*** Data block Section Begins ***

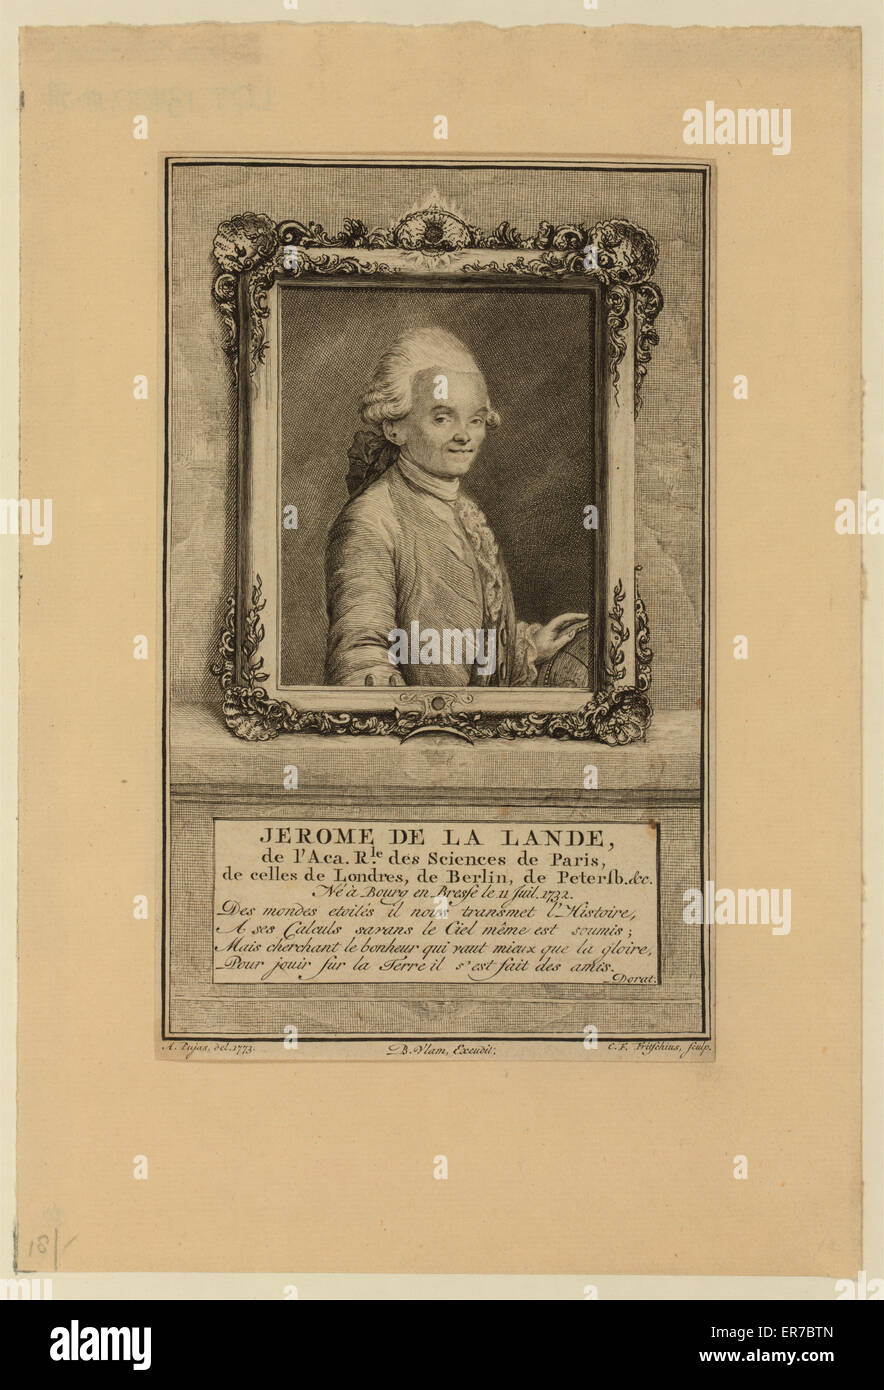 Jerome de La Lande, de l'Aca. rle. Des sciences de Paris, DE Foto de stock
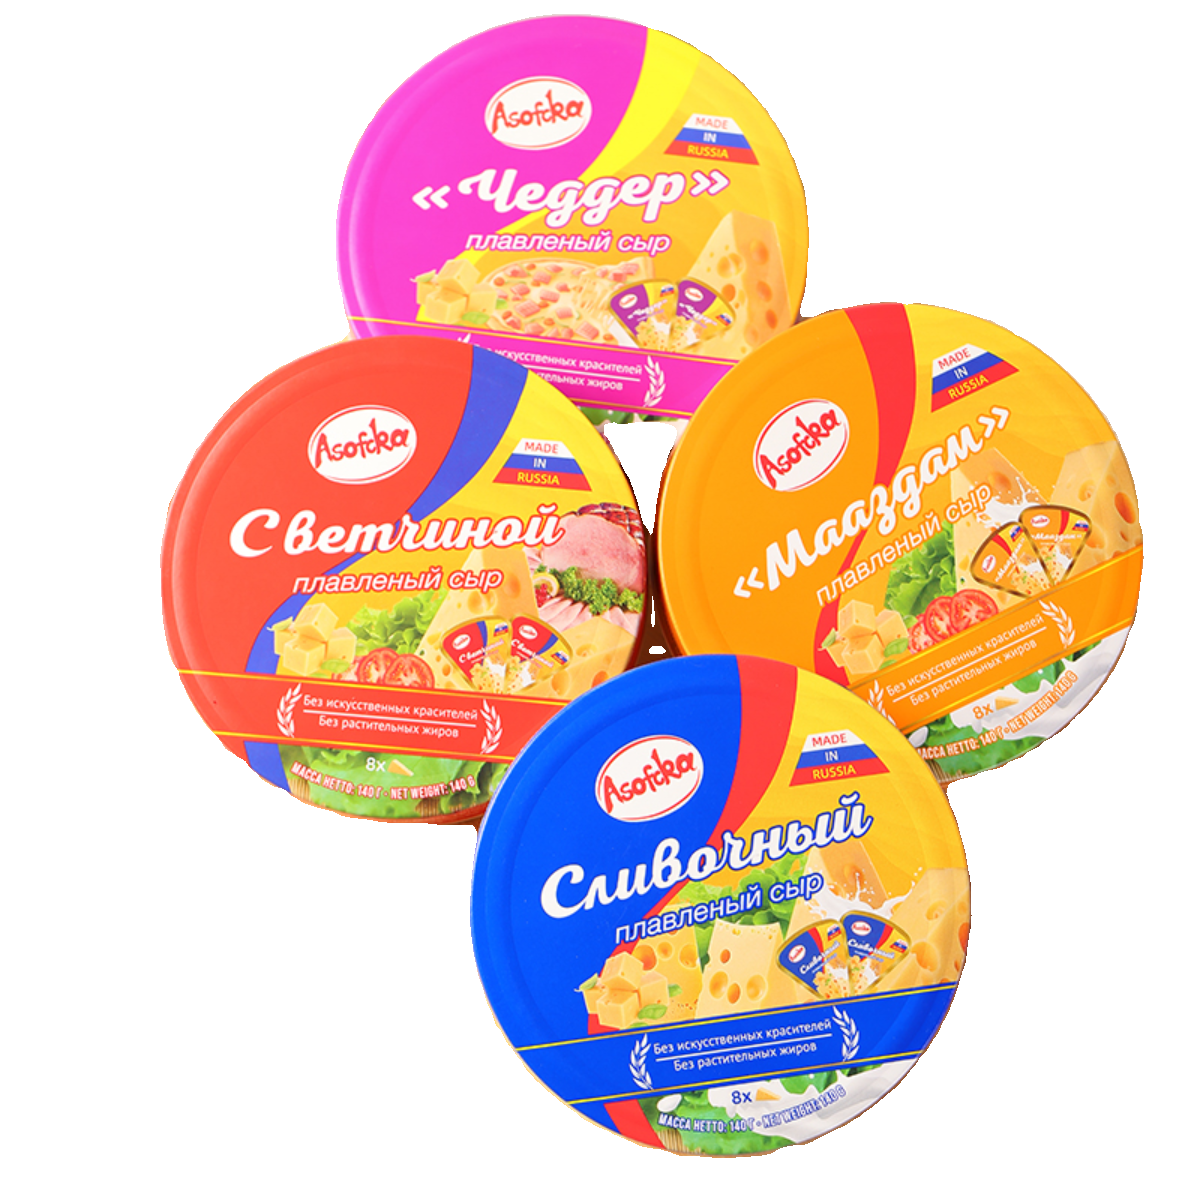 俄罗斯原装进口芝士奶酪三角型儿童宝宝零食干酪涂抹烘焙即食食品
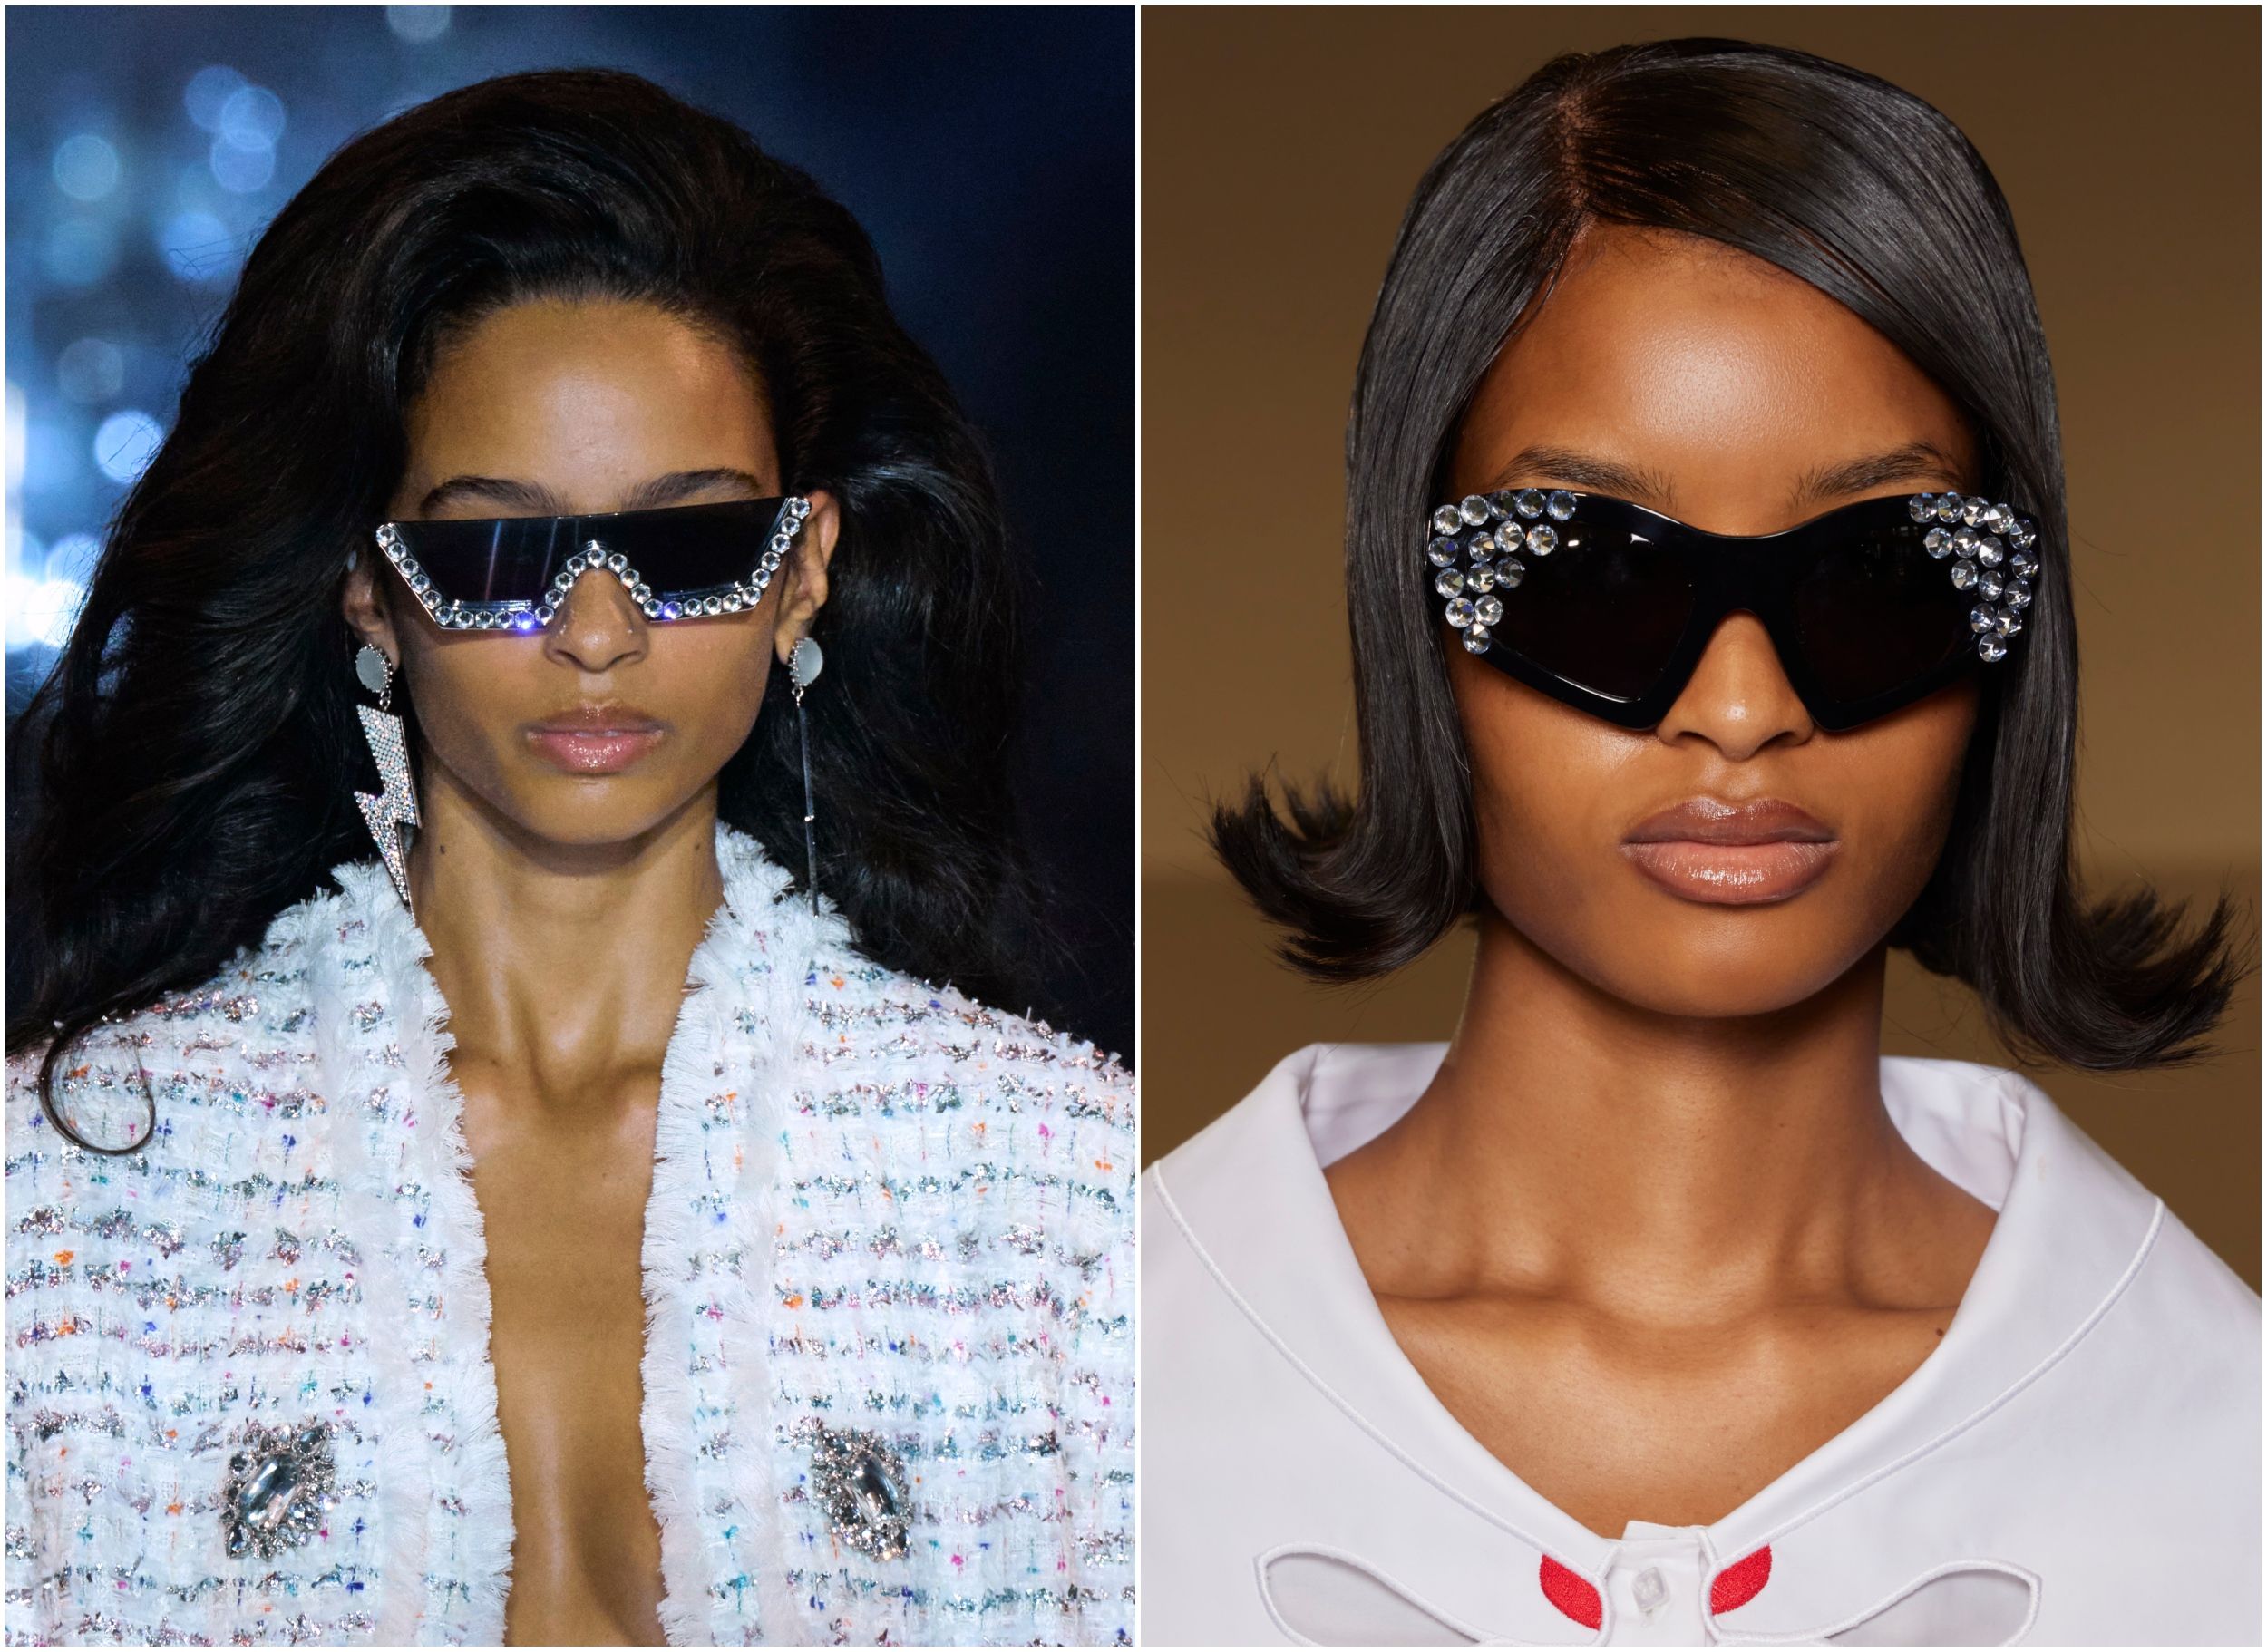 Gafas de sol 2018- tendencias y modelos principales de moda femenina #Moda # mujer #bonito #e…
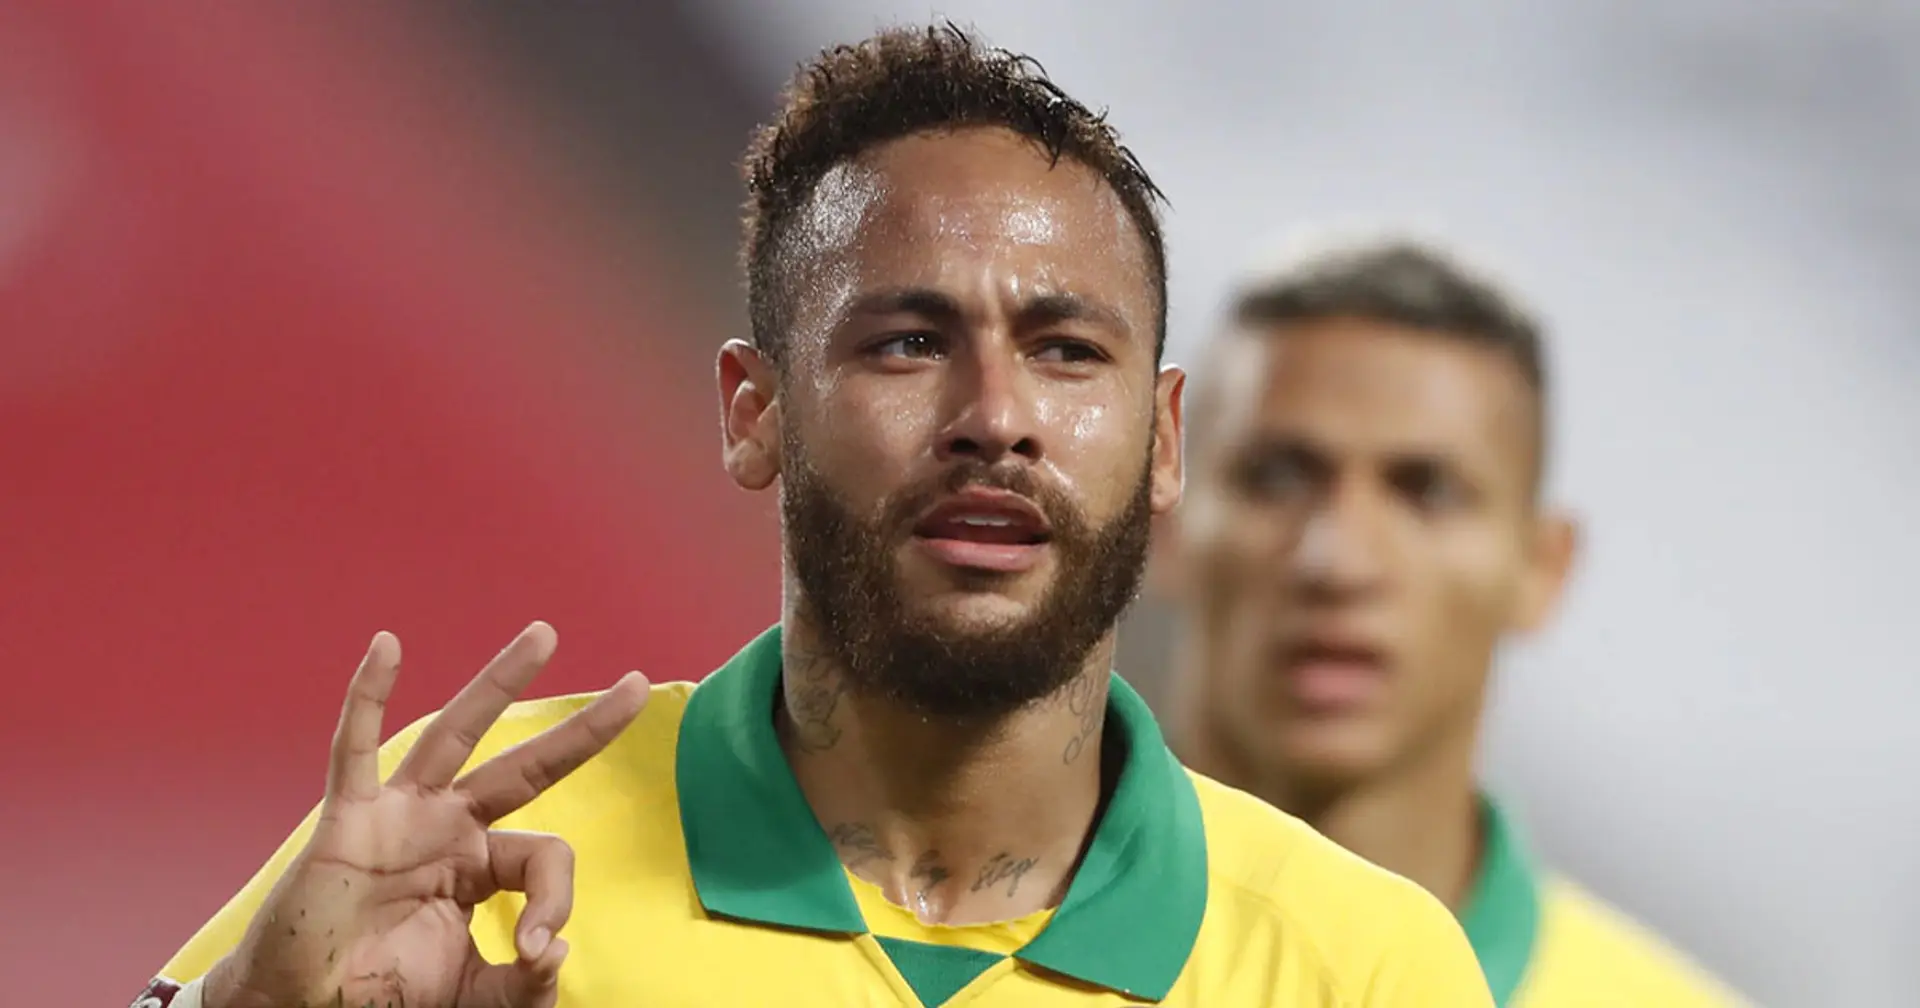 Le Parisienne| Neymar sempre più lontano dal PSG: ha già avvisato gli amici

*** Data block Section Ends ***

### [Work instructions]
Leave the pictures out and return the rest of the listing exactly.

### [Output for this task]
 Jerome de La Lande, de l'Aca. rle. Des sciences de Paris, DE Foto de stock
 俄罗斯原装进口芝士奶酪三角型儿童宝宝零食干酪涂抹烘焙即食食品
 Gafas de sol 2018- tendencias y modelos principales de moda femenina #Moda # mujer #bonito #e…
 Le Parisienne| Neymar sempre più lontano dal PSG: ha già avvisato gli amici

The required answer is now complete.